On the way home, I saw a bumper sticker that said, "Hawaii. Just visit. It's not for sale." Over development is a big enough concern here on the Big Island, where there are still vast rural areas and open space. They are apparently ruining the island of Kauai by the day. Kauai is much smaller than Hawaii Island and is being overrun with housing tracts and commercial growth. It's in danger of being lost forever. Here's a link to a video posted on YouTube called Discover Kauai. It illustrates the rampant over-development occurring there. Of course, this raping of the land is happening everywhere, but it seems all the more appalling on this most spectacular of islands. It reminds me of an Eagles song lyric:

They call it paradise
I don't know why
You call someplace paradise
Kiss it goodbye
From The Last Resort

A hui hou. Aloha

Tuesday, July 17, 2007

Farmin' works up a powerful thirst

Saturday was sunny and beautiful, a nice day for a job interview. I think it went well. If nothing comes of it, at least I got to eat lunch at Cafe Pesto with an interesting person. She said she'd call sometime this week to let me know about the job.
Meanwhile, today I learned that the Hawaii Island Journal is going to print one of my stories next issue - as it's cover story. Cool! It took 'em long enough.
Sunday was Ron's big day; the big 6-0. Wow! First, he did a little farm work, tilling up some dirt on his trusty steed(aka the tractor). Then we went to Luquin's (where we always go) in Pahoa. There, we drank mango and guava margaritas, ate a boatload of heavy Mexican food, then came home to take a long, digestive nap. It was a very satisfying day for me. I think he enjoyed it to. I know Mr. Sox relished his snooze while we were away on such a warm, sunny day.
We've got zucchini coming out our ears, as you can see here.

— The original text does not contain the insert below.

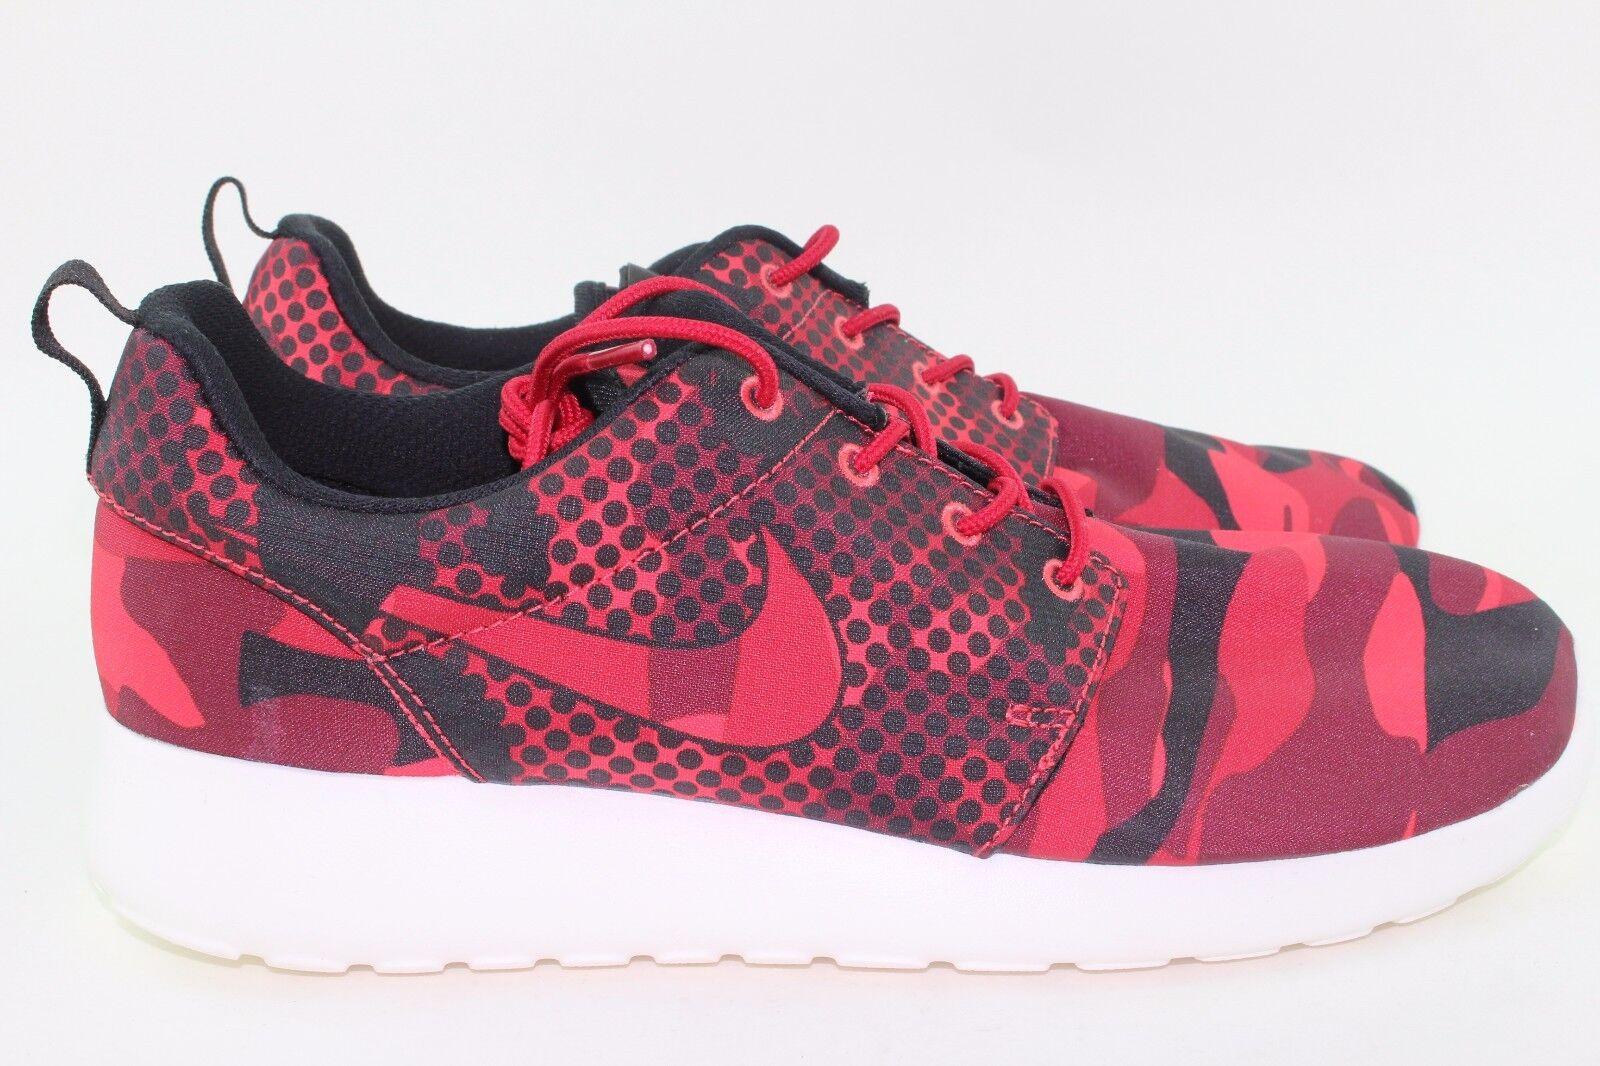 Nike roshe Raro uno impresión de hombre audaz Rojo Nuevo Raro roshe auténtico cómodo ejecutar afc1c9

This morning, our neighbor's baby goat was crying a little and I snuck up to shoot his photo. Cute, yeah? He's crying less and less these days, so I think he's adjusting. Still, he's so little. Poor guy! Shoots. He's just a kid! The blurry bumper sticker you see on the car behind him says, "Cook rice, not ice." That's a reference to crystal methamphetamine. Ice is what they call meth here. Hawaii has one of the worst meth problems in the U.S. I think it ranks second only to Oregon. Crackdowns, public information campaigns and legislation to make the ingredients more difficult to obtain have helped. In most states, ease of manufacture is the biggest problem. Here, most of the drugs are imported from Mexico, so trafficking is a bigger problem than "cooking" the stuff. Just before we moved here, two men who lived just up the road from our house were hauled off to the huscow for distribution of the stuff. It was a big bust, with the FBI, ATF and Hawaii County Police all involved. They also confiscated lots of guns and money. Those guys are now serving eight years in the big house, in California. Good riddance!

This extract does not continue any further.